Controlling Surpac using TCL over Sockets

Overview

This topic explains how Surpac responds to remote TCL requests. Although this feature is supported in Surpac 6.3, there is no guarantee that it will continue to work in this way in subsequent versions of Surpac. This topic covers the background for adding this functionality, how to enable it, use it, and some sample code for implementing the function.

Requirements

To get the most out of this information, it is recommended that you:

  • are familiar with TCL and specifically Surpac's SCL extensions
  • have a basic understanding of networking, that is, Sockets, ports, and TCP
  • have an understanding of the C/C++ programming language
  • understand the use of shared memory as a technology for sharing data between programs

Background

This functionality was developed in response to requests for third parties to be able to develop integrations with Surpac, and to create automated solutions with Surpac.

The solution

Controlling Surpac using a TCP/IP socket has a number of aspects. These include:

  1. Disabling the user interface controls. That is, the menus and toolbars.
  2. Using shared memory as a discovery mechanism.
  3. Using TCP/IP as the communications chanuel.

1. Disabling the user interface

This section is only relevant if you are interested in embedding Surpac in another application. If you are interested in implementing your program within Surpac, skip to the next section.

Add the -no_frame_decoration switch to remove the window frame from the application.
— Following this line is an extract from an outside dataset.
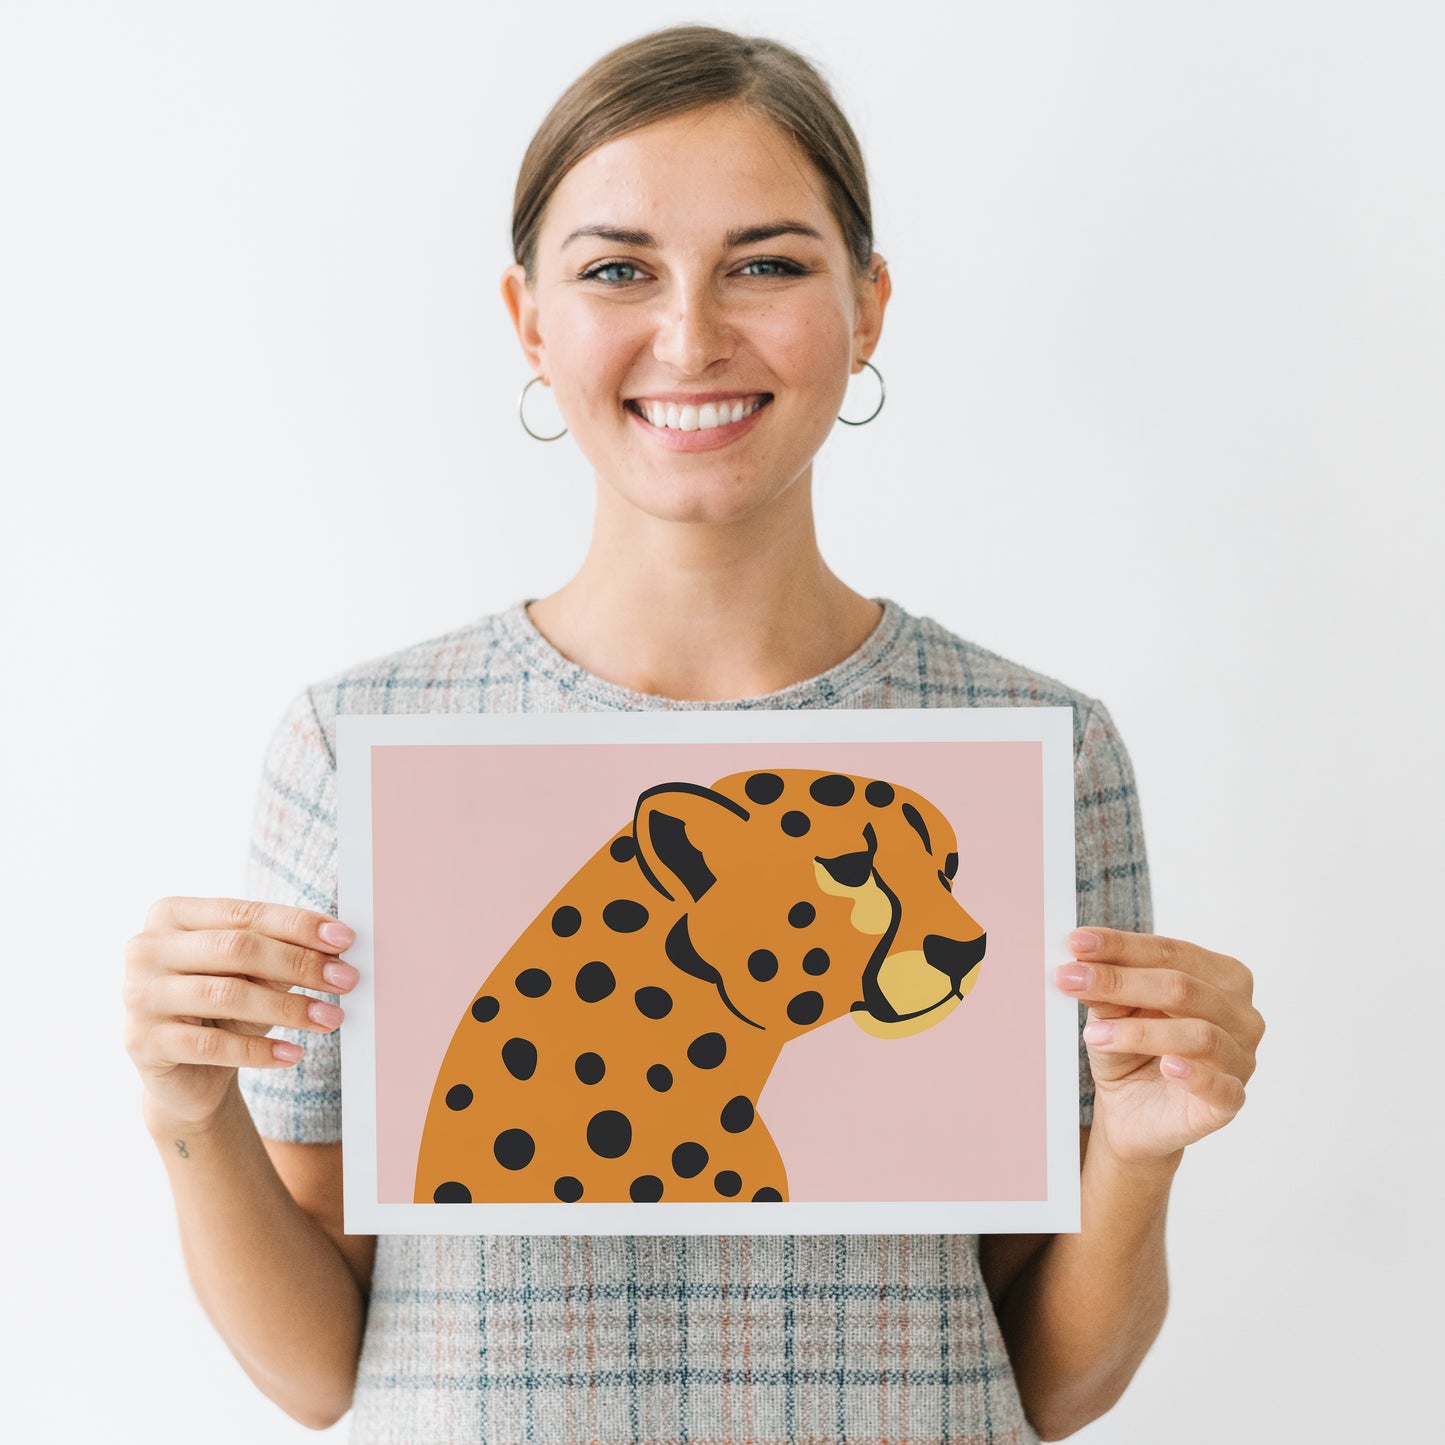 Cute Cheetah Poster
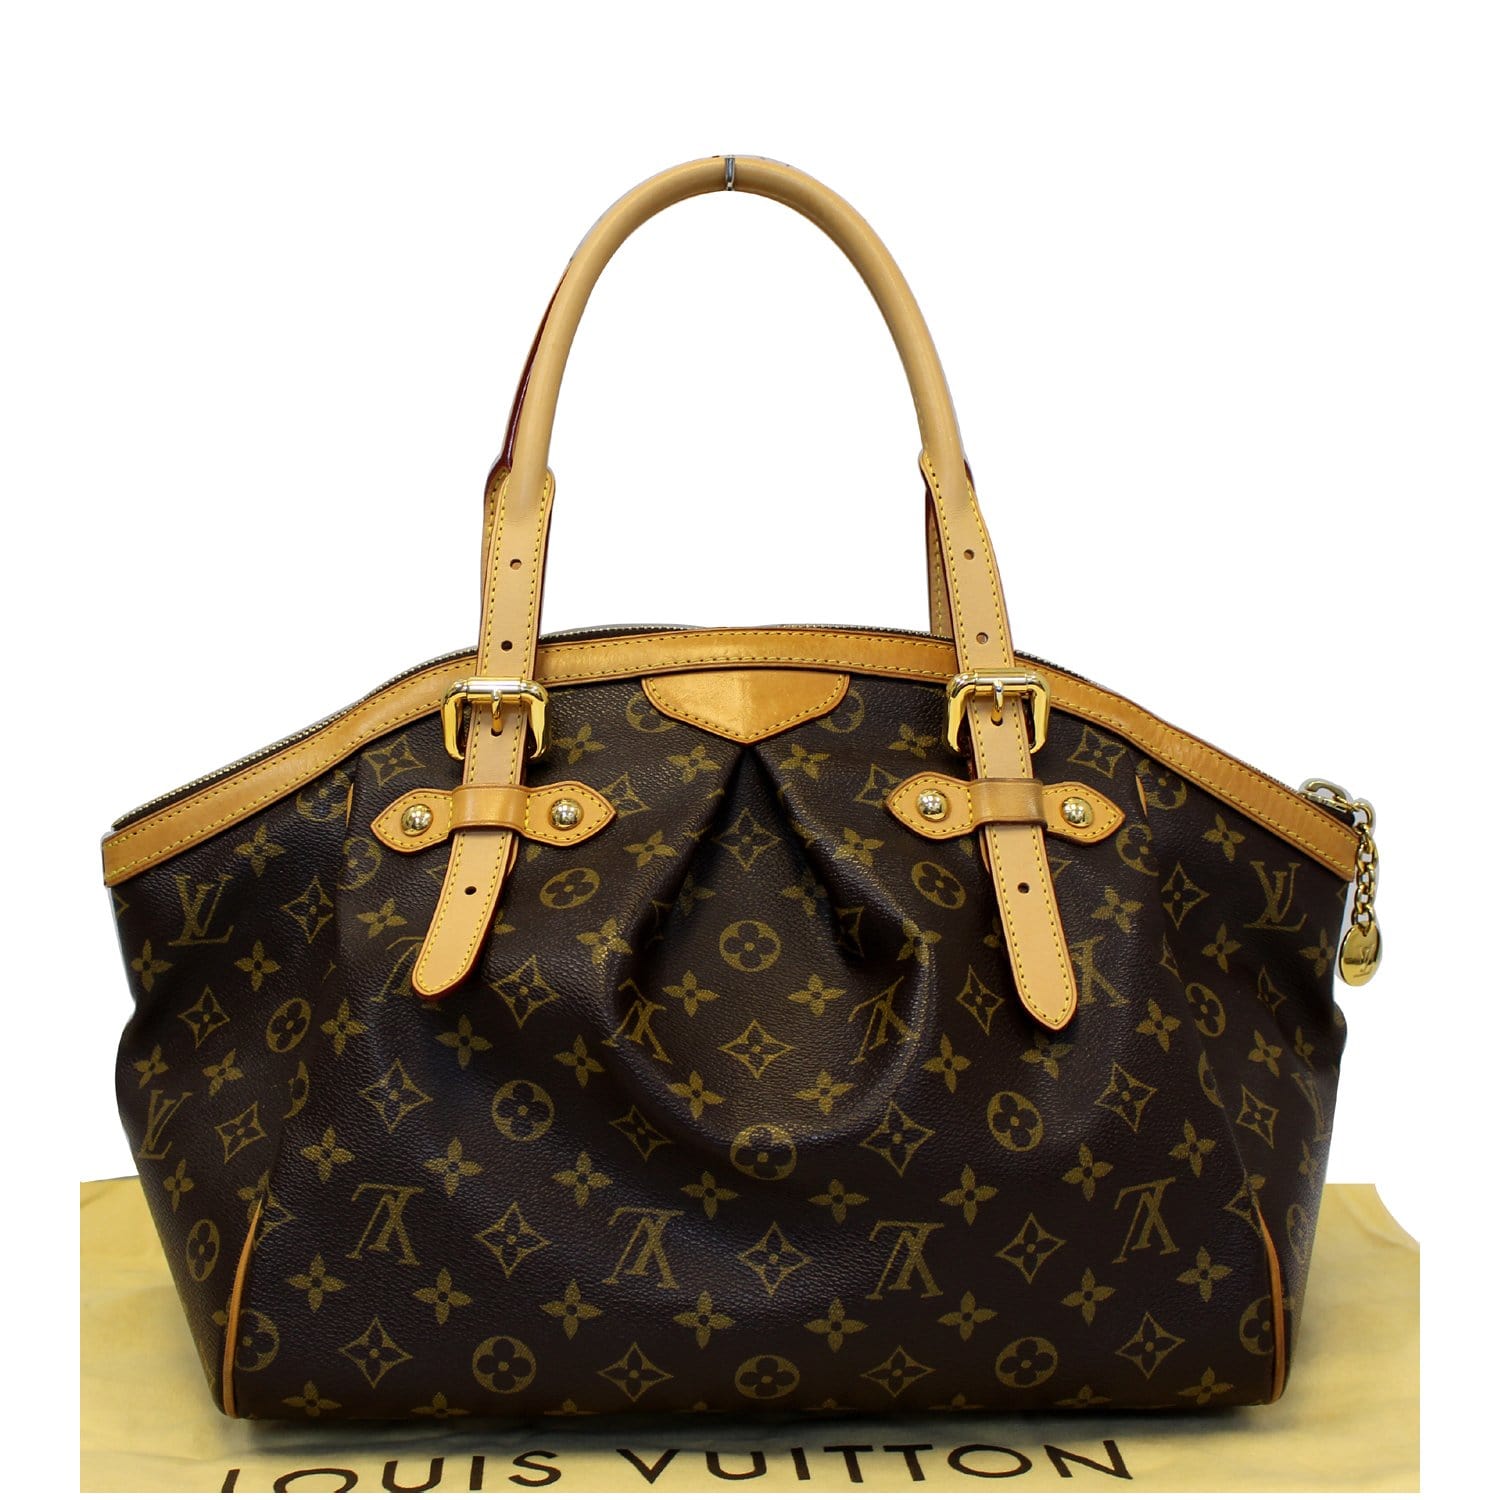 Louis Vuitton, Bags, Louis Vuitton Tivoli Gm Pm Is Smallgm Is Big

This means the minimize, maximize, restore buttons will not be visible, nor will the title bar, or the border to resize it with.

However, this does not remove any of the user interface components. To remove other parts of the user interface, you need to use a custom edited surpac_vision.tcl, or the user profiles. The profiles files are all located in share/etc/resource/scripts and share/etc/profiles.

2. Using shared memory as a discovery mechanism

This section assumes you have a detailed knowledge of shared memory, and can understand a C programming language implementation that will demonstrate how it works.

A shared memory block with a predictable name is created when you start Surpac.The name of the shared memory is "GemcomSharedMemory<unsignedprocessID". This name can be built by appending a character representation of the unsigned value of the process ID to "GemcomSharedMemory".

One or more blocks will be present in the shared memory block. Each block complies with a defined structure using 8 byte aligned boundaries. Each subsequent block must comply with the following requirements:

  • int (8 byte aligned) defining the size of the block.
  • int (8 byte aligned) defining the ID of the block. This ID number defines the layout of the memory, that is, which fields are where.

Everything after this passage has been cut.